[[ DATA SECTION, beginning ]]

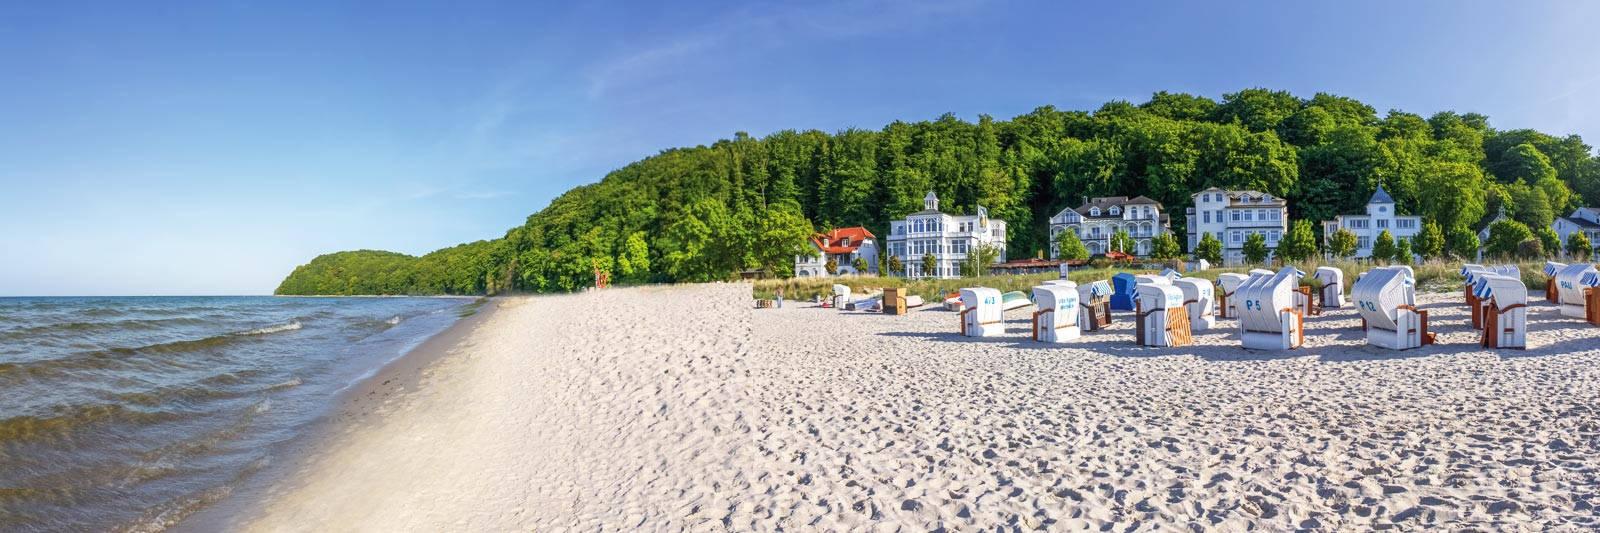 68.387 Ferienwohnungen und Ferienhäuser in Mecklenburg-Vorpommern - tourist-online.de
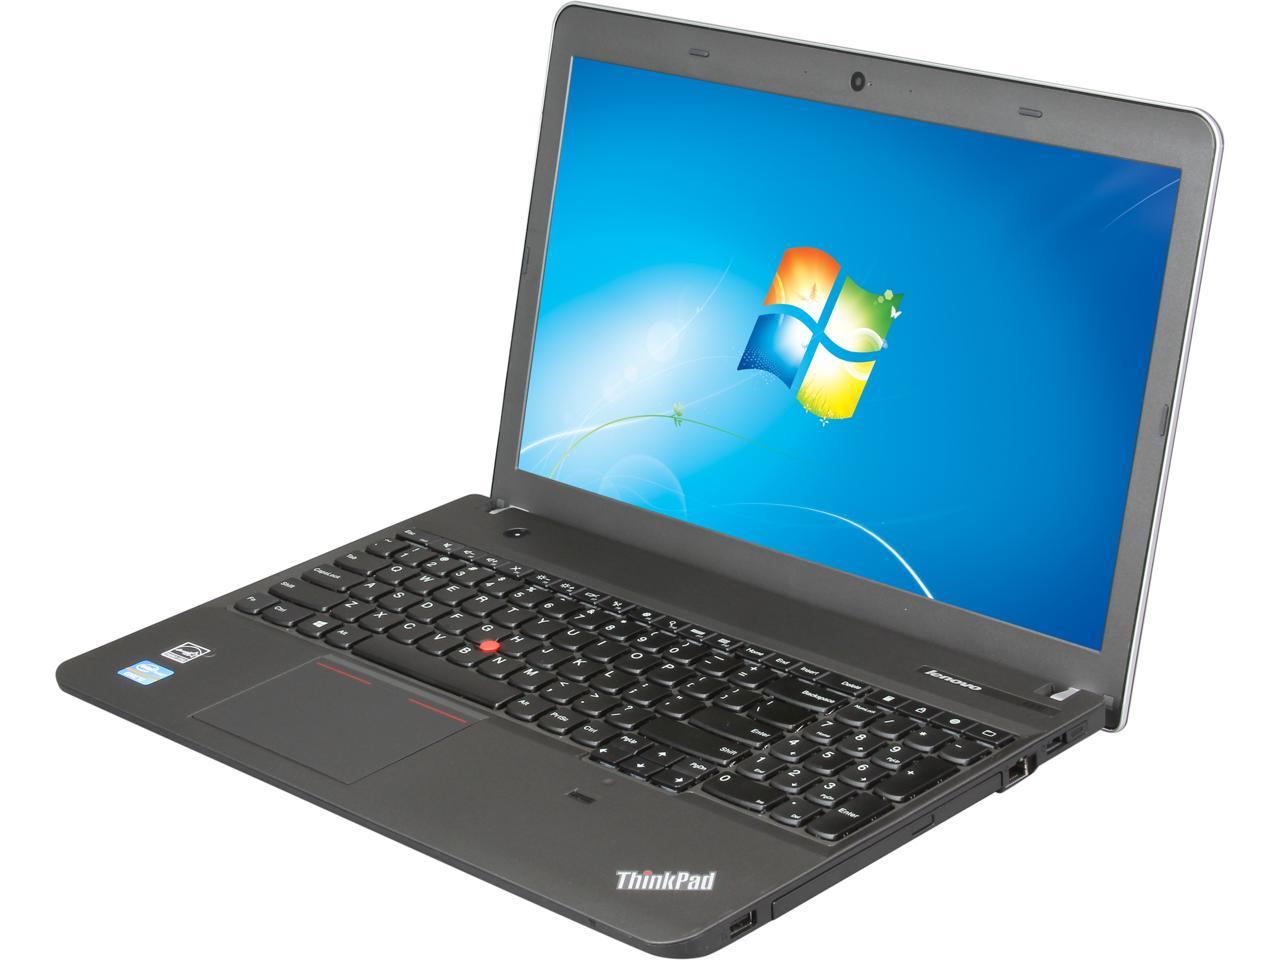 ThinkPad Edge E531 (688528U) Intel Core i7-3632QM 2.2GHz 15.6 
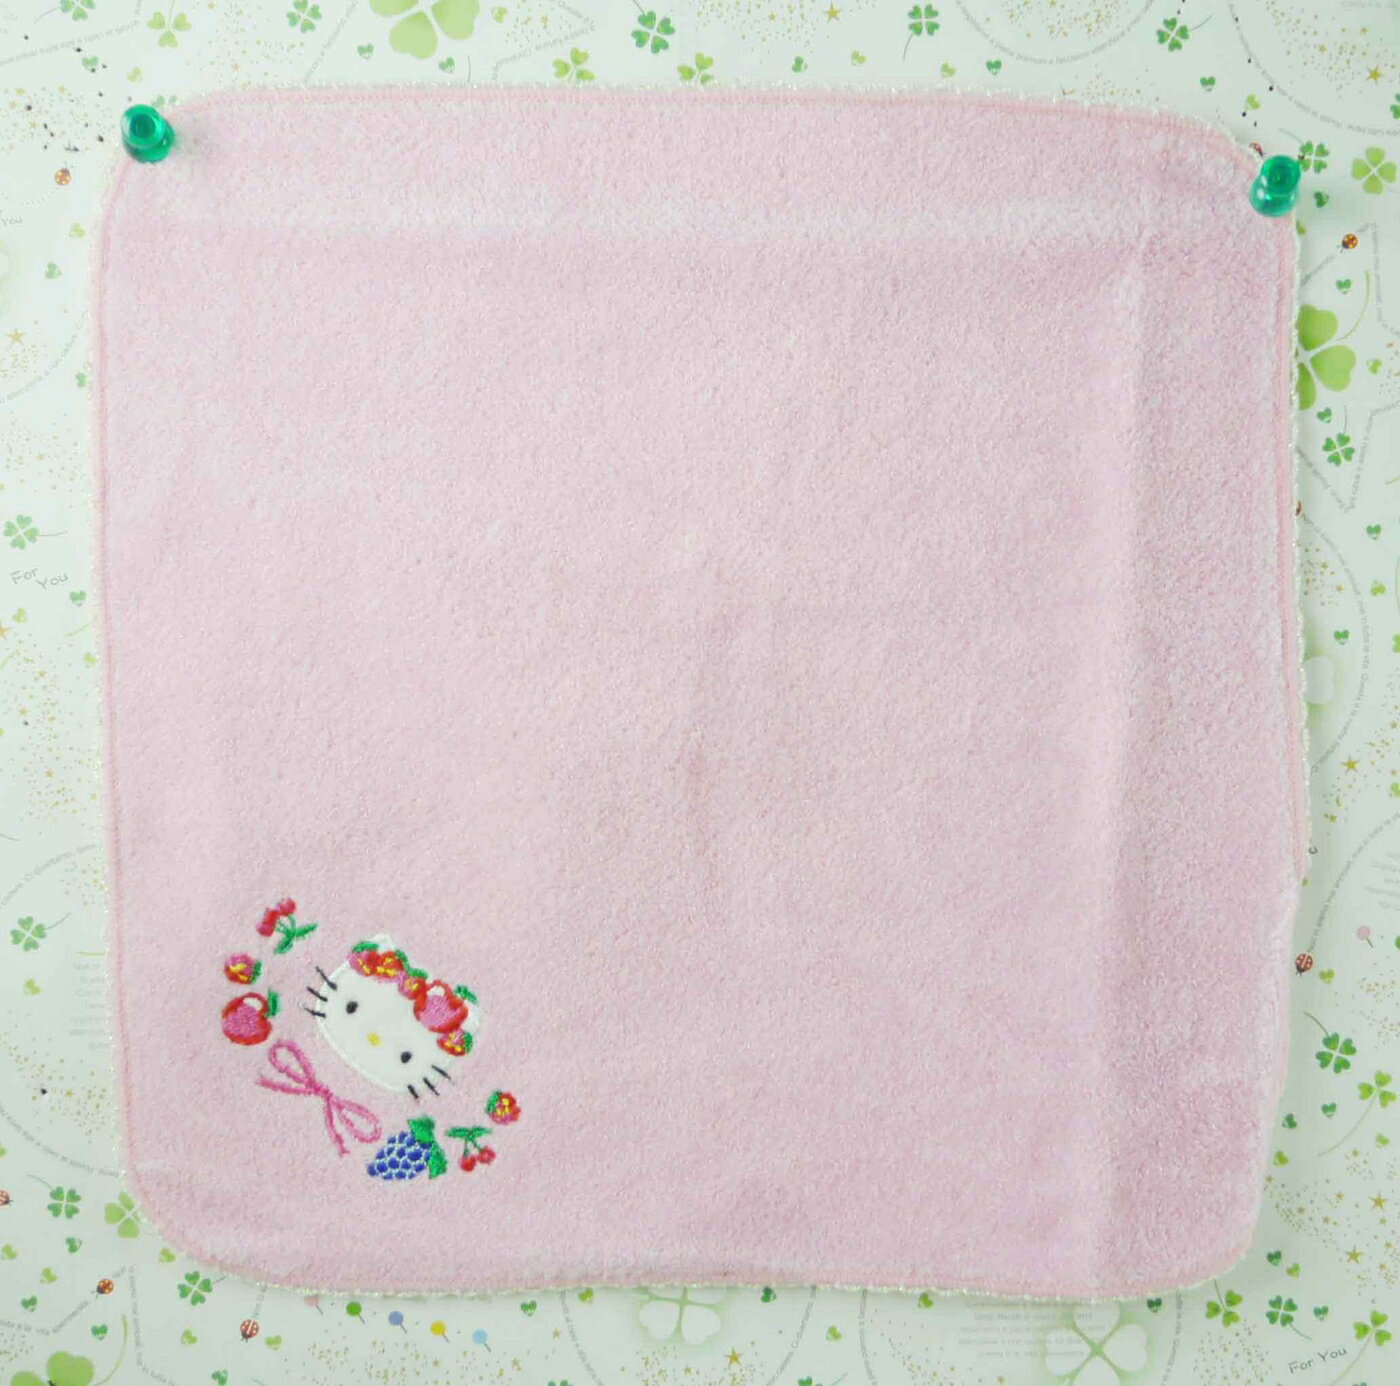 【震撼精品百貨】Hello Kitty 凱蒂貓 方巾/毛巾-粉色小水果 震撼日式精品百貨

[[ DATA SECTION, end ]]

WHAT IS BEING ASKED
Please transcribe the listing above verbatim and exclude every picture.

WORKED SOLUTION
 68.387 Ferienwohnungen und Ferienhäuser in Mecklenburg-Vorpommern - tourist-online.de
 ThinkPad Edge E531 (688528U) Intel Core i7-3632QM 2.2GHz 15.6 
 【震撼精品百貨】Hello Kitty 凱蒂貓 方巾/毛巾-粉色小水果 震撼日式精品百貨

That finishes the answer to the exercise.